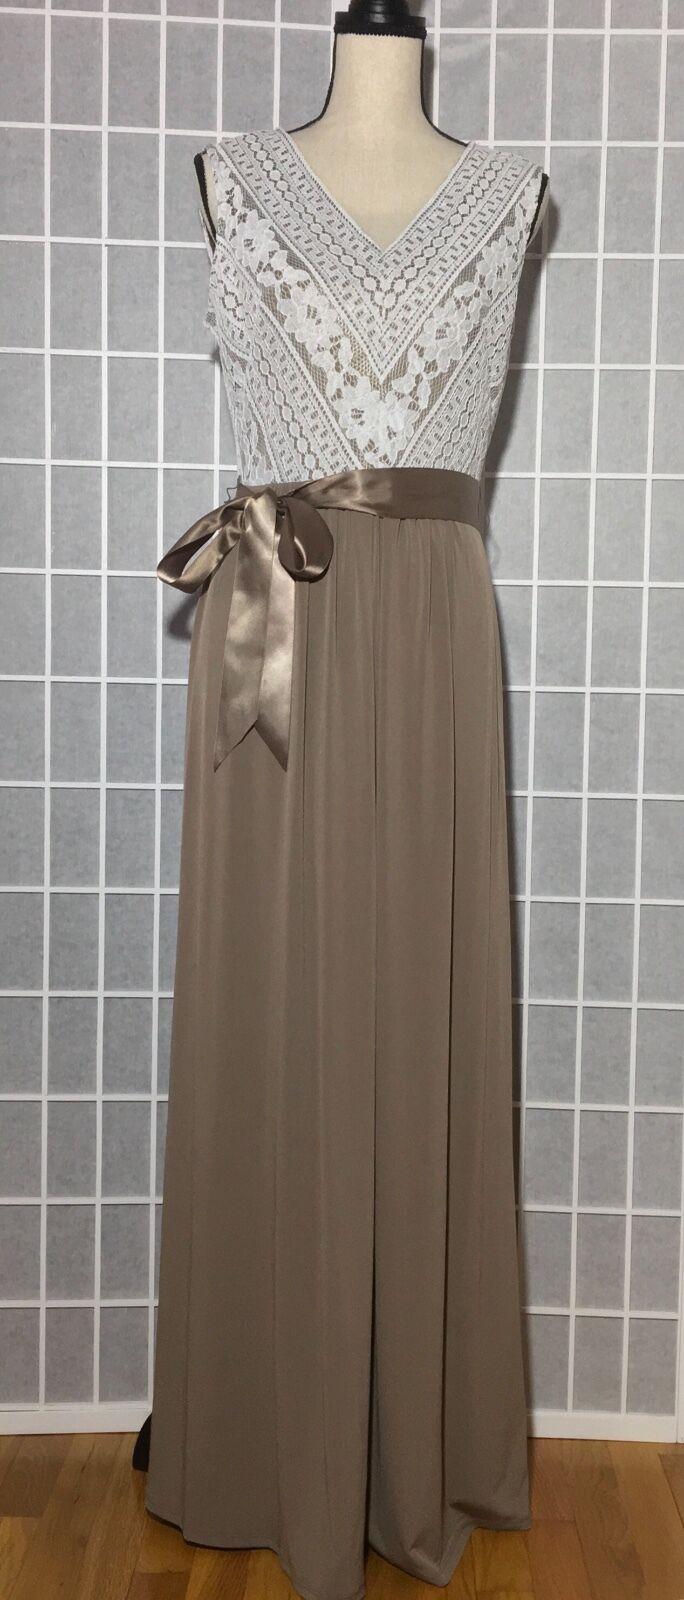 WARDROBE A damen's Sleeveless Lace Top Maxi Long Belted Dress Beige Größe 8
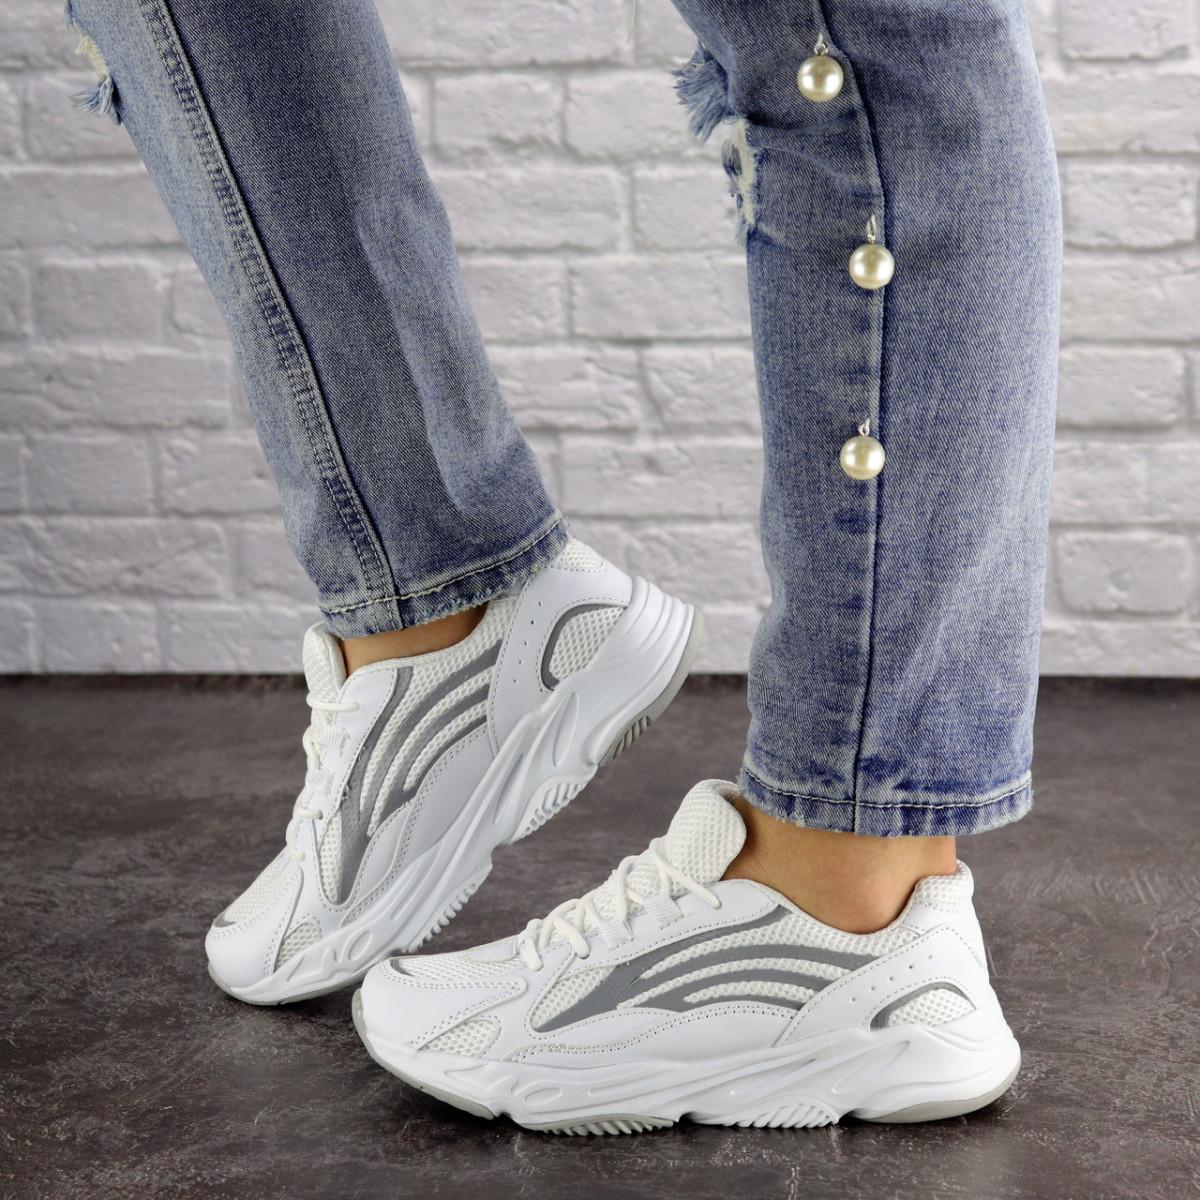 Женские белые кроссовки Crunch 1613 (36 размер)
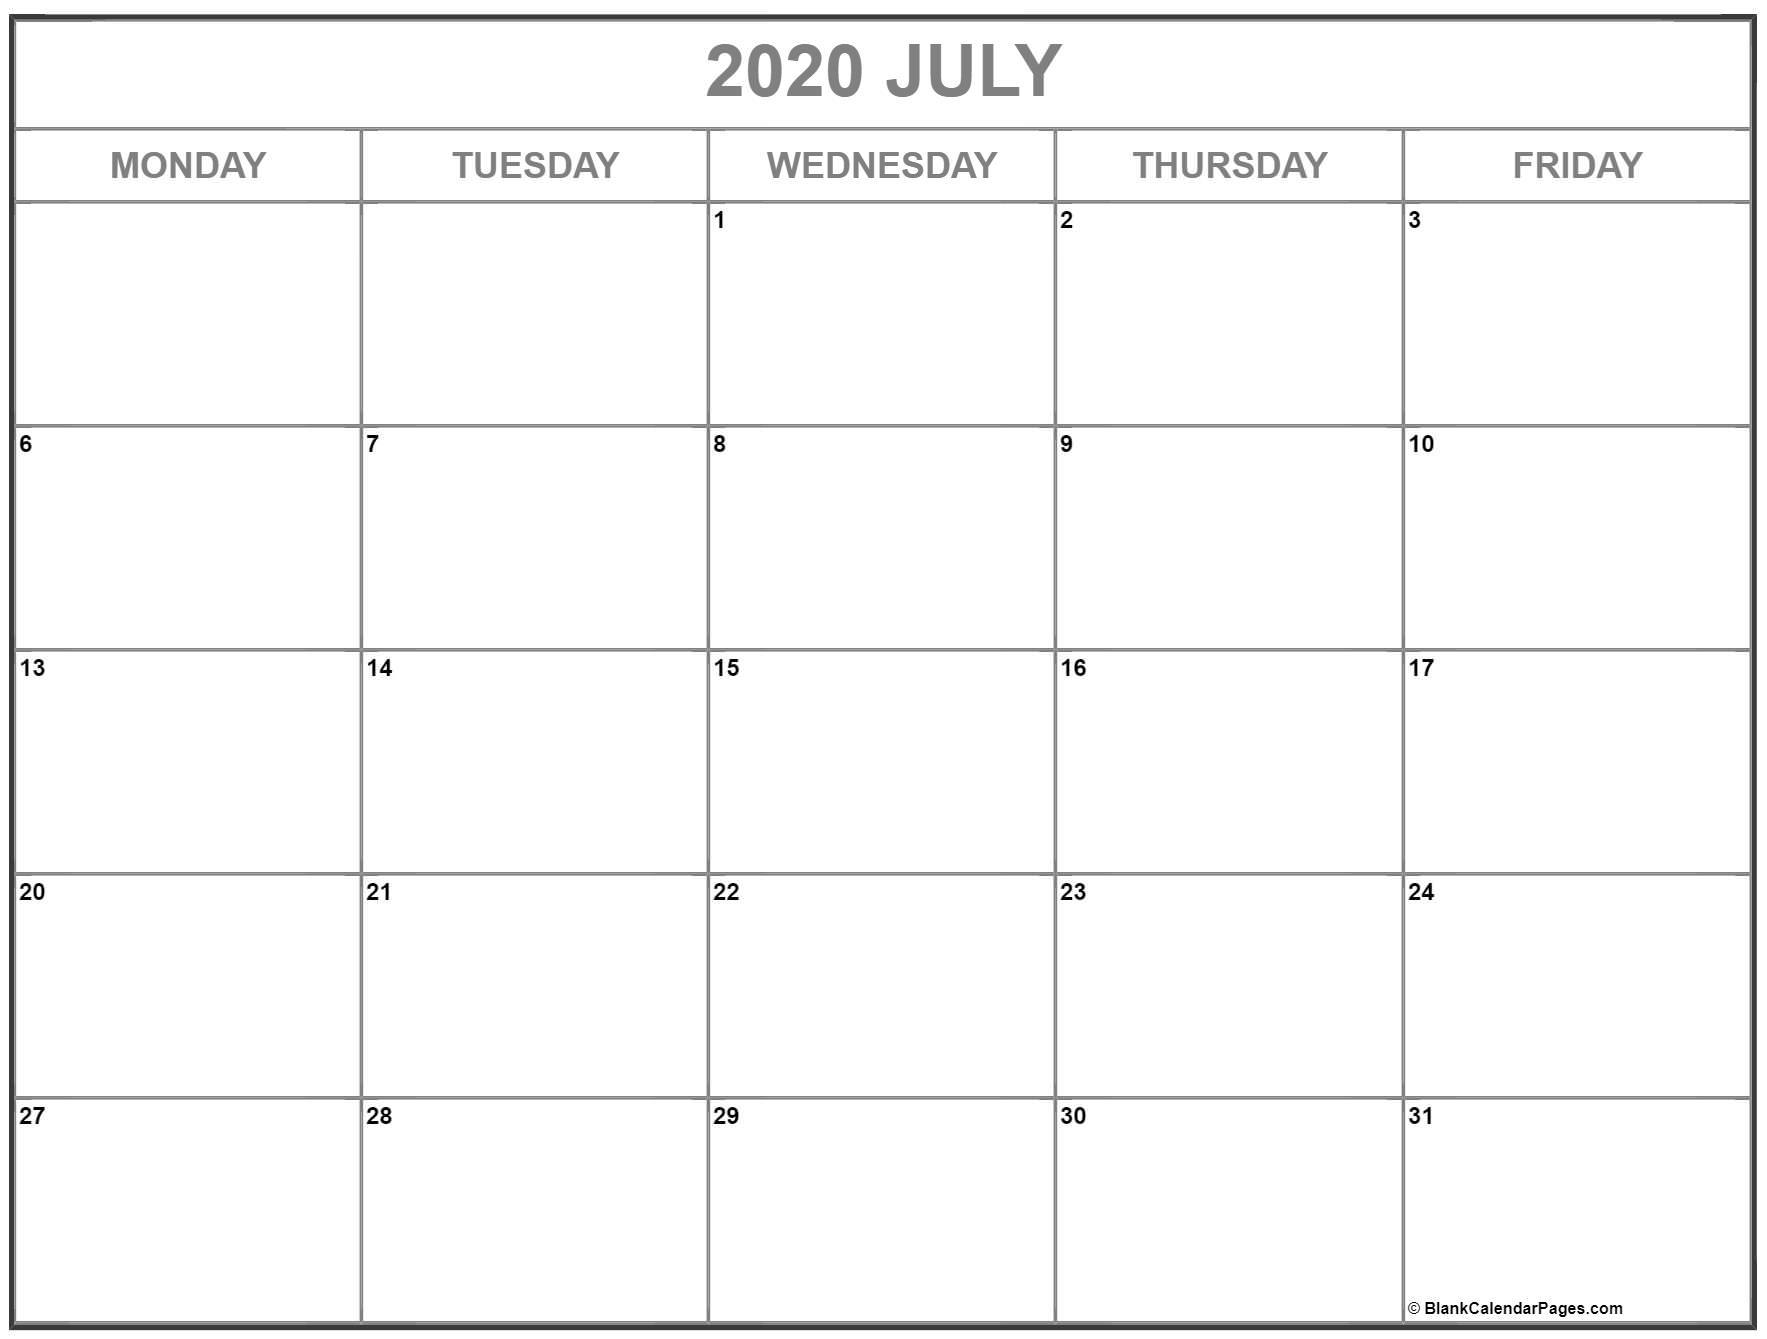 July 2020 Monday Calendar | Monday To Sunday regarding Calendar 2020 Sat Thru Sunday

ASSIGNMENT: Output all of the data word for word, excluding any pictures.

ANSWER SPACE:
 WARDROBE A damen's Sleeveless Lace Top Maxi Long Belted Dress Beige Größe 8
 Женские белые кроссовки Crunch 1613 (36 размер)
 July 2020 Monday Calendar | Monday To Sunday regarding Calendar 2020 Sat Thru Sunday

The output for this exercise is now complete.